Dit soort modellen vormt een zo goed mogelijke benadering van de werkelijkheid en heeft als doel de effecten van beleidsmaatregelen inzichtelijk te maken en te kunnen analyseren. Essentieel is dat de beleidsmaatregelen (zoals bijvoorbeeld een verbreding van de weg) kunnen worden vertaald naar input voor het model en dat het model indicatoren genereert die een juiste afspiegeling vormen van de te analyseren effecten. Daarnaast zal het model de samenhang tussen in- en outputvariabelen (in feite de samenhang tussen relevante variabelen van het verkeers- en vervoersysteem) zo goed mogelijk ­ binnen de grenzen van acceptabele rekentijden ­ moeten beschrijven.
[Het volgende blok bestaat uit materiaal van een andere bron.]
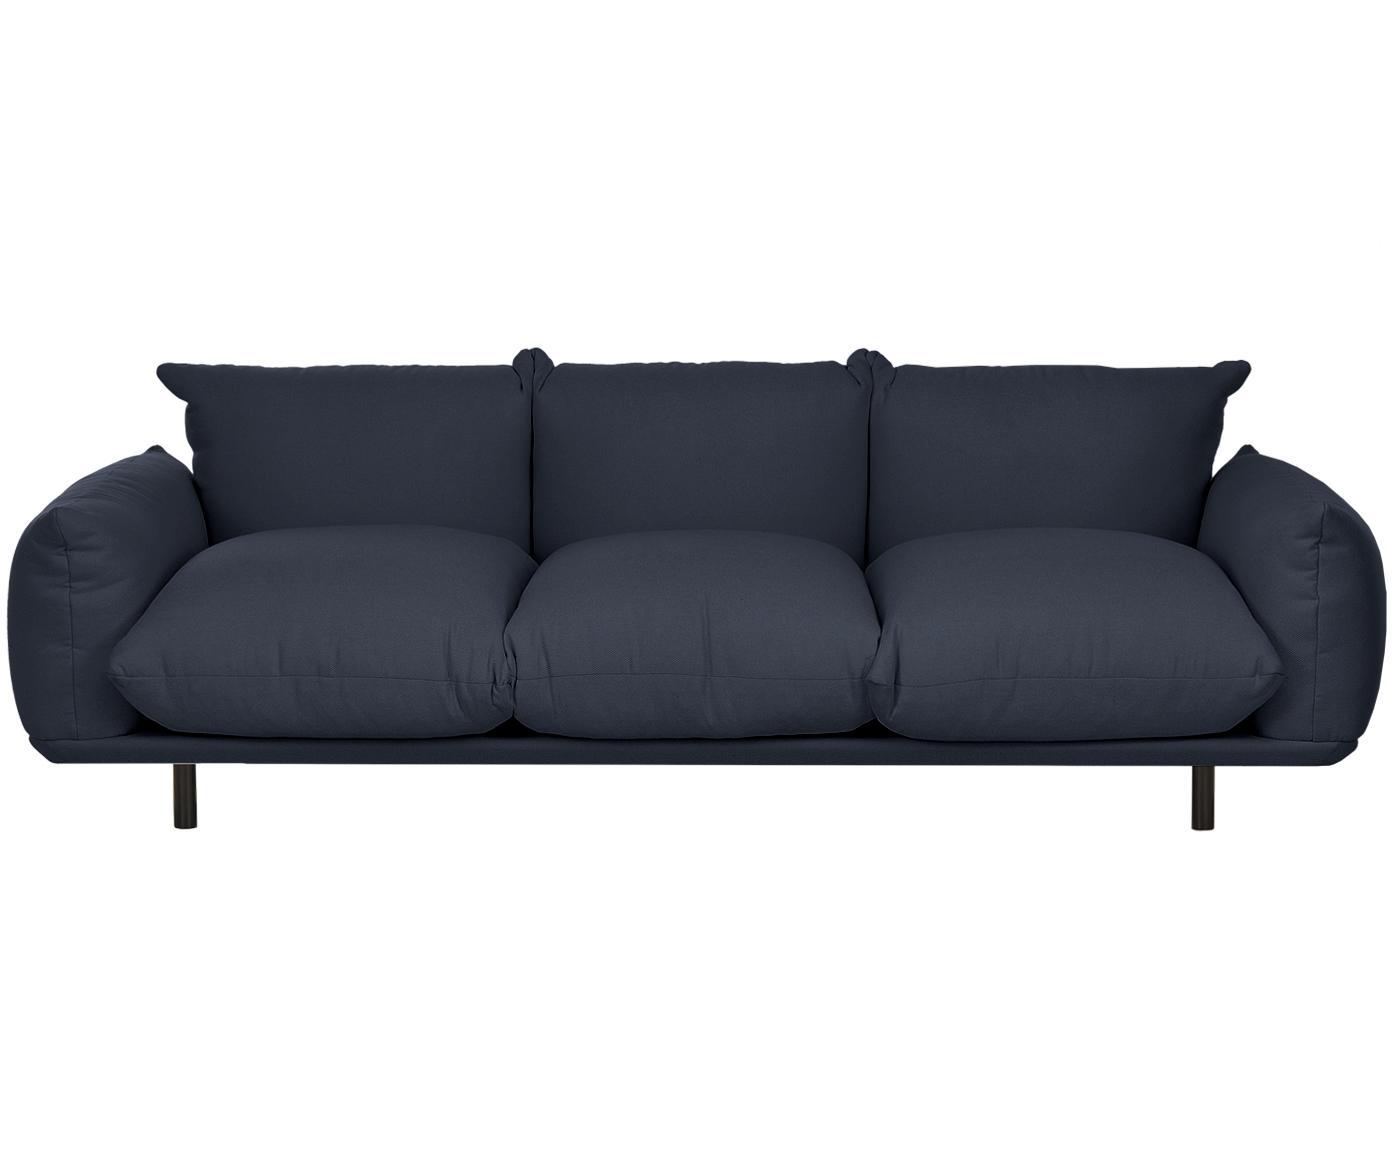 Sofa Saga (4-osobowa), Tapicerka: 100% poliester 35 000 cyk, Stelaż: lite drewno brzozowe, Nogi: metal malowany proszkowo, Ciemny niebieski, S 232 x G 103 cm

In de praktijk zijn er drie verschillende zaken die aanleiding kunnen vormen voor een aanpassing en/of doorontwikkeling van een model:

1) Nieuwe typen beleidsmaatregelen kunnen om nieuwe invoervariabelen vragen. Zo maakt de wens tot het doorrekenen van de milieu-effecten van snelheidslimieten tot 80 km/h op het hoofdwegennet het noodzakelijk de snelheid van vracht- en personenauto's op een wegvak onafhankelijk van elkaar te kunnen veranderen. Eerder ontbrak hiertoe de noodzaak.

2) Voortschrijdend inzicht in de samenhang binnen het verkeers- en vervoersysteem is heel gewoon. De wereld van het verkeers- en vervoeronderzoek is volop in beweging en nieuwe inzichten met betrekking tot de samenhang binnen het systeem worden dagelijks gevonden. Daar waar dergelijke inzichten relevant worden geacht voor de invloed op mobiliteit, zal een aanpassing van het modelsysteem op zijn plaats zijn. In de huidige praktijk wordt door regelmatige actualisering van het modelinstrumentarium zoveel mogelijk geactualiseerde inzichten in het rekenmodel meegenomen.

3) Nieuwe typen effecten kunnen om nieuwe of bestaande, maar op een ander detailniveau gedefinieerde, outputgrootheden vragen. Een voorbeeld vormen de gedetailleerde uitvoergegevens die thans ten behoeve van luchtonderzoek noodzakelijk zijn, terwijl enkele jaren terug kon worden volstaan met een grove schatting van intensiteitsveranderingen ten behoeve van de inschatting of 3 of 4 rijstroken voldoende zullen zijn.